Mental Overload. Experts coined this phrase to accurately describe the process in which women and men who multitask as the CEO of their household try to balance ridiculously busy lives.
Managing filled calendars, chauffeuring kids to piano lessons and meeting work deadlines is the emotional labor so many undergo to manage the feelings and emotions of everyone circling within their orbit—and all of this adds up to serious emotional and physical tolls. Minor (and major) health concerns start to pop up, leaving these same people scratching their heads and wondering, “Why me?”
And, you don’t have to have children to feel this burden.
One day while I was facing an slew of online work deadlines, making dinner, and fielding phone calls over, yet another family catastrophe, I was thrown into my own personal tailspin; all of this exacerbated by lack of sleep and not taking care of myself. And, as I stood there in the whirlwind of my reality, I just cried big heavy tears — feeling misunderstood and like I was being way too emotional over seemingly trivial things.
But it is those multiple trivial things, and truly thinking in the depths of our hearts that we can accomplish them all at once, that is the source of mental overload.
I am not alone in this!
Overburdened and stressed-out women (and men) like myself are not hard to find, according to articles and blogs nationwide. Look in the mirror, or talk to your best friend or neighbor, and you will discover another household taskmaster who is juggling work, volunteering, raising kids, and managing every detail that falls between morning and night.
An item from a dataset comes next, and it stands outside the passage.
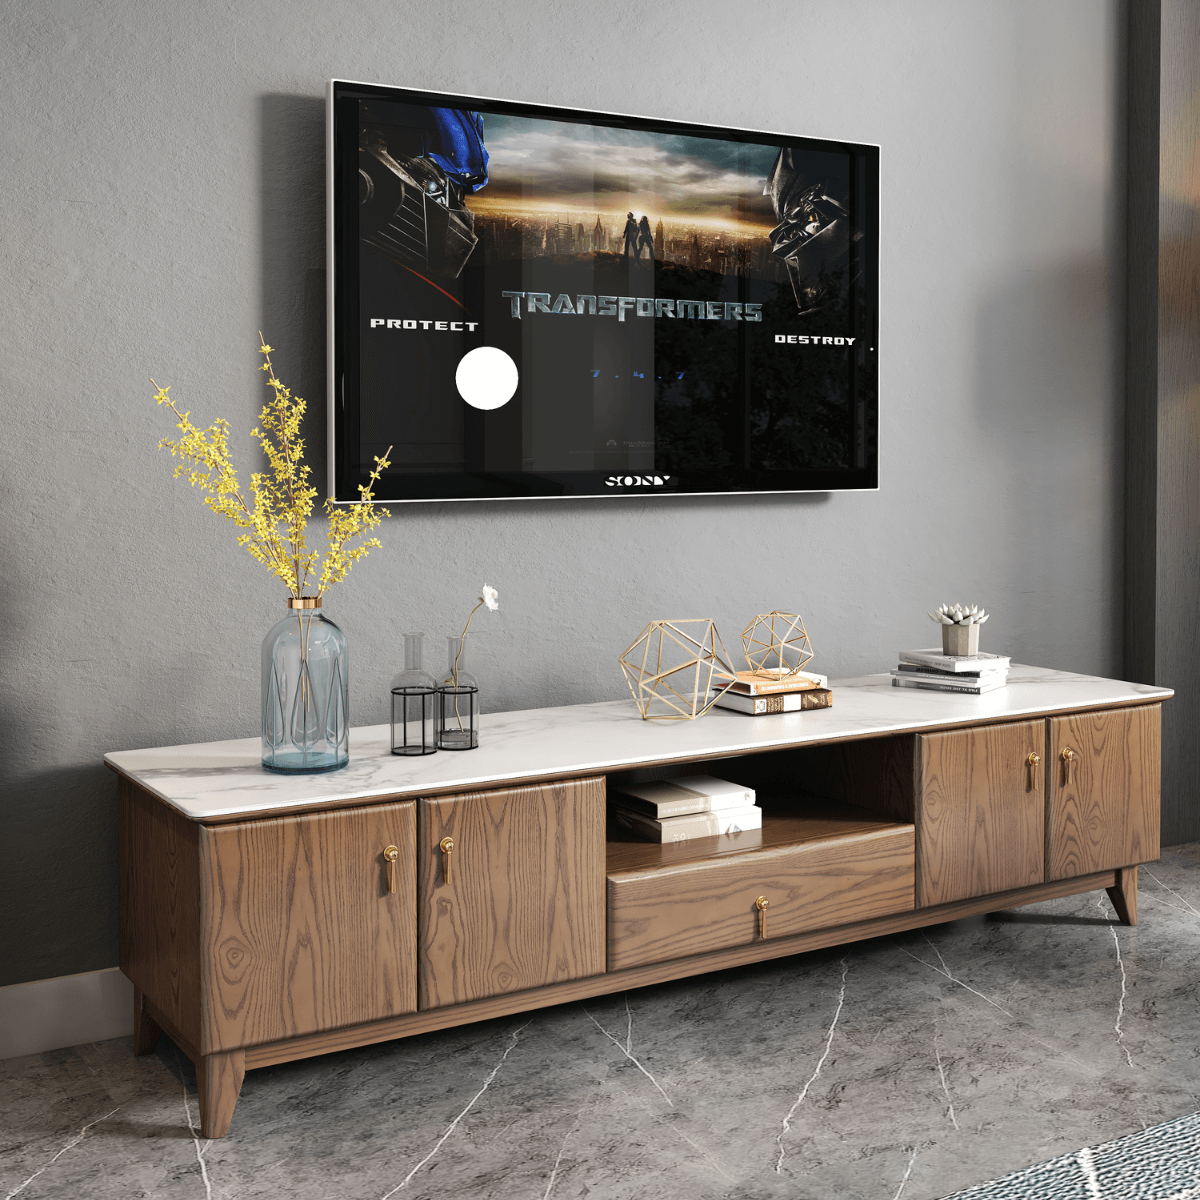 Fergus Ash Wood TV Console with Sintered Stone Top Singapore

This health scenario affects all people of all ages and lifestyles, experts say. But there are many things you can do to alleviate stress and find balance, including exercise, meditation and advocating for your own health.
The day I stood there in the kitchen sobbing over my lack of broccoli I needed for my stir-fry, I realized big changes needed to happen.
Serious Symptoms And Emotional Loads
Rosie Parrish, a naturopathic doctor at Boulder Natural Health in Boulder, states that she sees an increasing number of women suffering fatigue, weight gain and overall neglect of their health. “It’s because they are so taxed caretaking for others, and they don’t prioritize their own health,” she says. It’s these women who wind up with hypertension, prediabetes, obesity, hair loss, insomnia and low libido.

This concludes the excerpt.